In Figure 2, Gigi Ibrahim, an Egyptian blogger who (eventually appearing on the Daily Show) was an important voice in one of the first of the 2011 ‘Arab Spring’ uprisings, is being retweeted by NPR social media coordinator Andy Carvin. Carvin has been widely acclaimed (and closely watched) for his use of Twitter in his journalistic practice, masterfully filtering, or ‘curating’, Twitter and other internet resources to provide an essentially real-time perspective of events on the street in the Middle East. The deictic aspects of this strategy include the instantiation of relationships between Carvin, the active Middle Eastern Twitter users he follows, and his own audience of followers. Being retweeted by Carvin provided a form of legitimacy to the young people participating in the uprisings, giving them a sense that the world was indeed watching, while demonstrating and maintaining Carvin’s own professional, journalistic legitimacy to his western audience.
In this particular tweet, the deictic gestures include the @s, the first of which is a reply from Ibrahim (to @Ssirgany), the other three pointing back to other local participants and commentators (and prior public arguments and conversations), as well as Ibrahim’s avatar which directly indicates the ongoing event of the ‘January 25th’ Egyptian demonstrations. These deictic gestures enact a set of conceptual relations between the participants of the uprising and Carvin’s western audience via the legitimizing mediator of Carvin himself. 4
In Figure 3, journalist Karen Beninato makes use of a common Twitter convention, the #FF hashtag. Deriving from the practice of sharing one’s favorite ‘tweeps’ with one’s own followers on ‘Follow Friday’, the #FF (or ‘friend feed’) hashtag indicates an acknowledgment of value and a recommendation to one’s followers. In this case Beninato’s RT is acknowledging @shultzilla’s recommendation, which serves on the one hand to indicate gratitude and on the other serves to return the favor of recommendation to her own followers, to whom @shultzilla’s recommendation also serves as a form of legitimacy of Beninato’s value. @shultzilla’s original tweet establishes, as the RT reinforces, a set of relations among those Twitter accounts indicated, all New Orleans-area Twitter voices, and calls the attention of those mentioned back to @shultzilla. The set of relationships established in this particular case also indicates and reinforces a set of conventional social bonds since all of those involved are a part of the specific geographic and cultural community of New Orleans.
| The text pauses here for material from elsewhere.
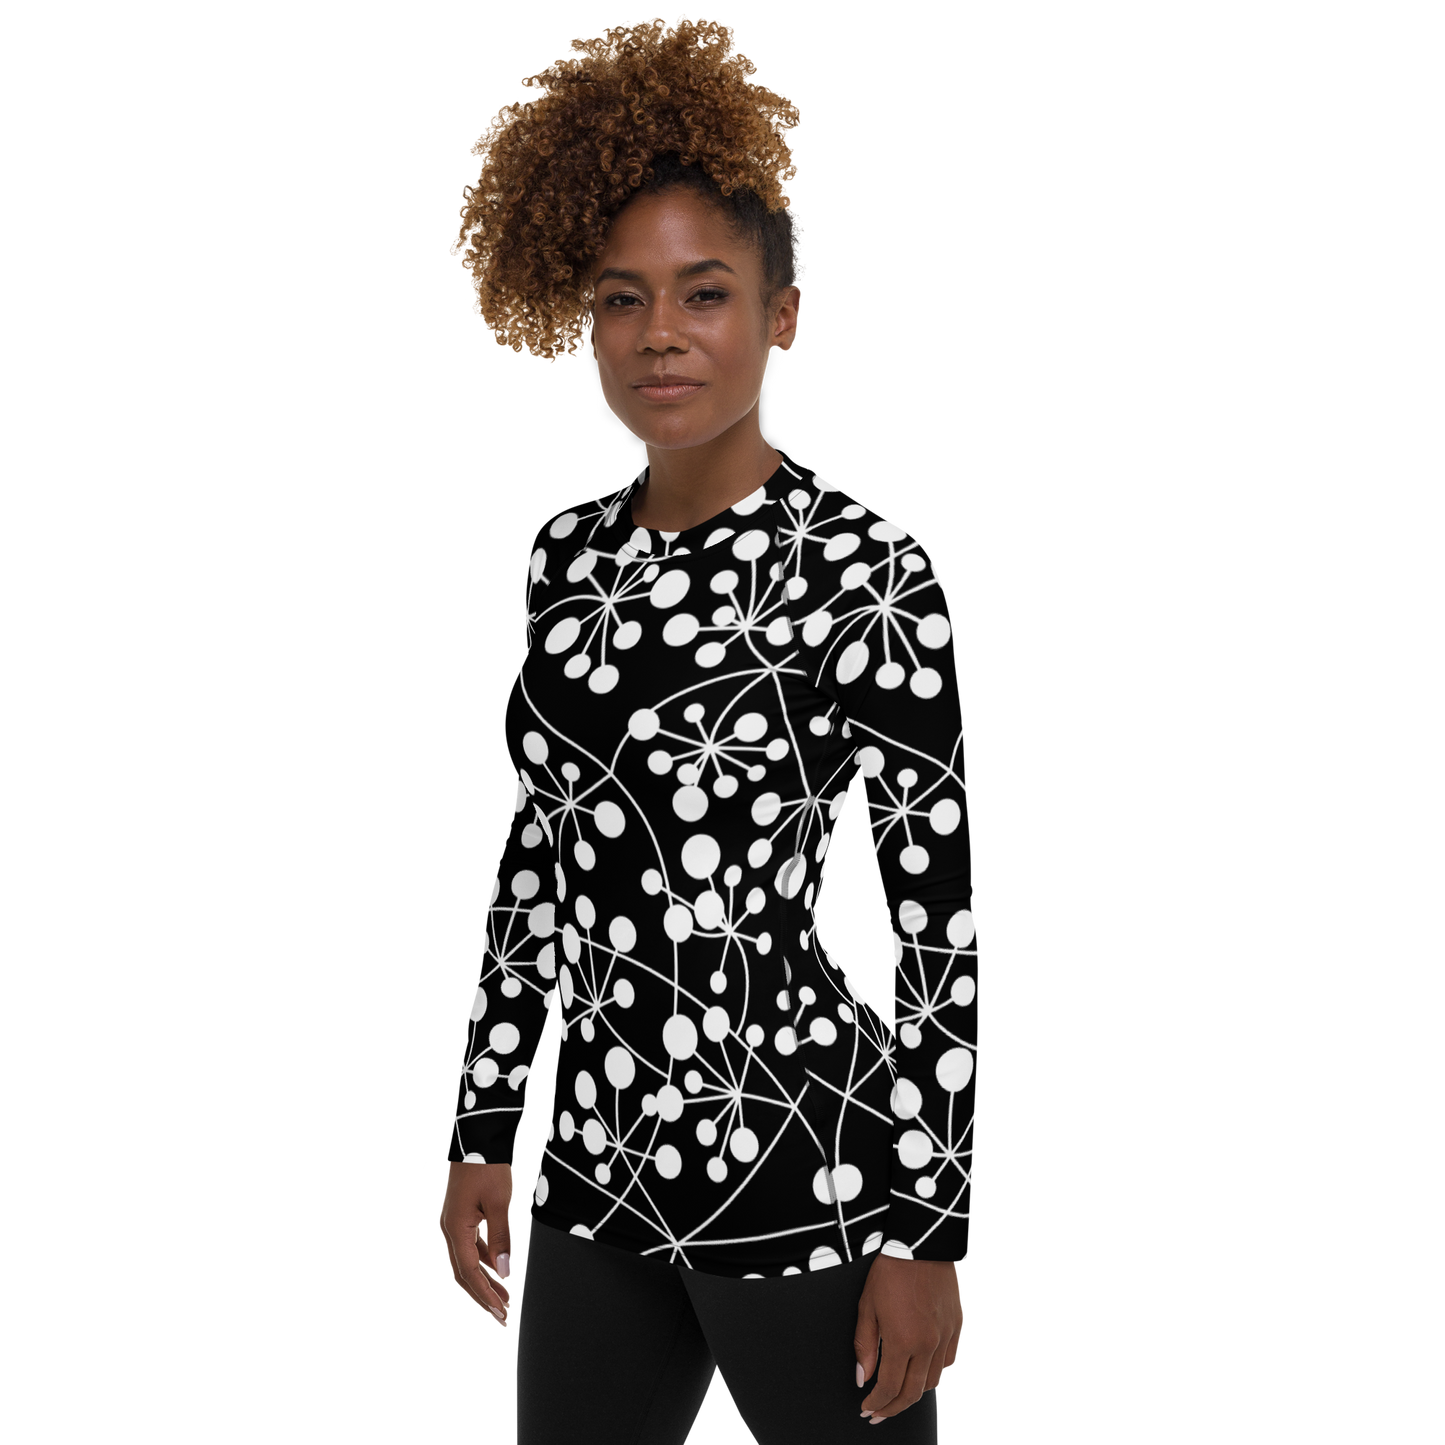 T-shirt de compression pour femme ❯ Arboricool ❯ Blanc sur noir

Kendon (1990) examines some of the ways that interactional space is defined in face-to-face encounters by means of, for example, greeting gestures (e.g. handshakes) and changes in bodily orientation, which both react to the informational and emotional content of physical encounters and enable particular forms of social interaction. In the context of online chat rooms, Bays (1998) argues that addressivity functions analogously to gaze in face-to-face conversations. The present suggestion is that deictic gestures of textual social media communication perform such functions by defining and instantiating ‘spaces’ of interaction through the management of virtual proximity in mediated, ambient co-presence. Further targeted, empirical research is required to explore the idea that this analogy is a valuable way to approach mediated interaction.
Imagistic gesture
Hand movements that imitate, depict or nonverbally describe are classified as imagistic gestures. In face-to-face conversation, this could include making an hourglass shape in reference to the shape of a body or a swooping motion to describe a specific movement or event in a narrative. ASCII art provides numerous examples of imagistic gesture on Twitter, as do emoticons (orthographic/typographic images that approximate facial expressions) and avatars that portray idealized images.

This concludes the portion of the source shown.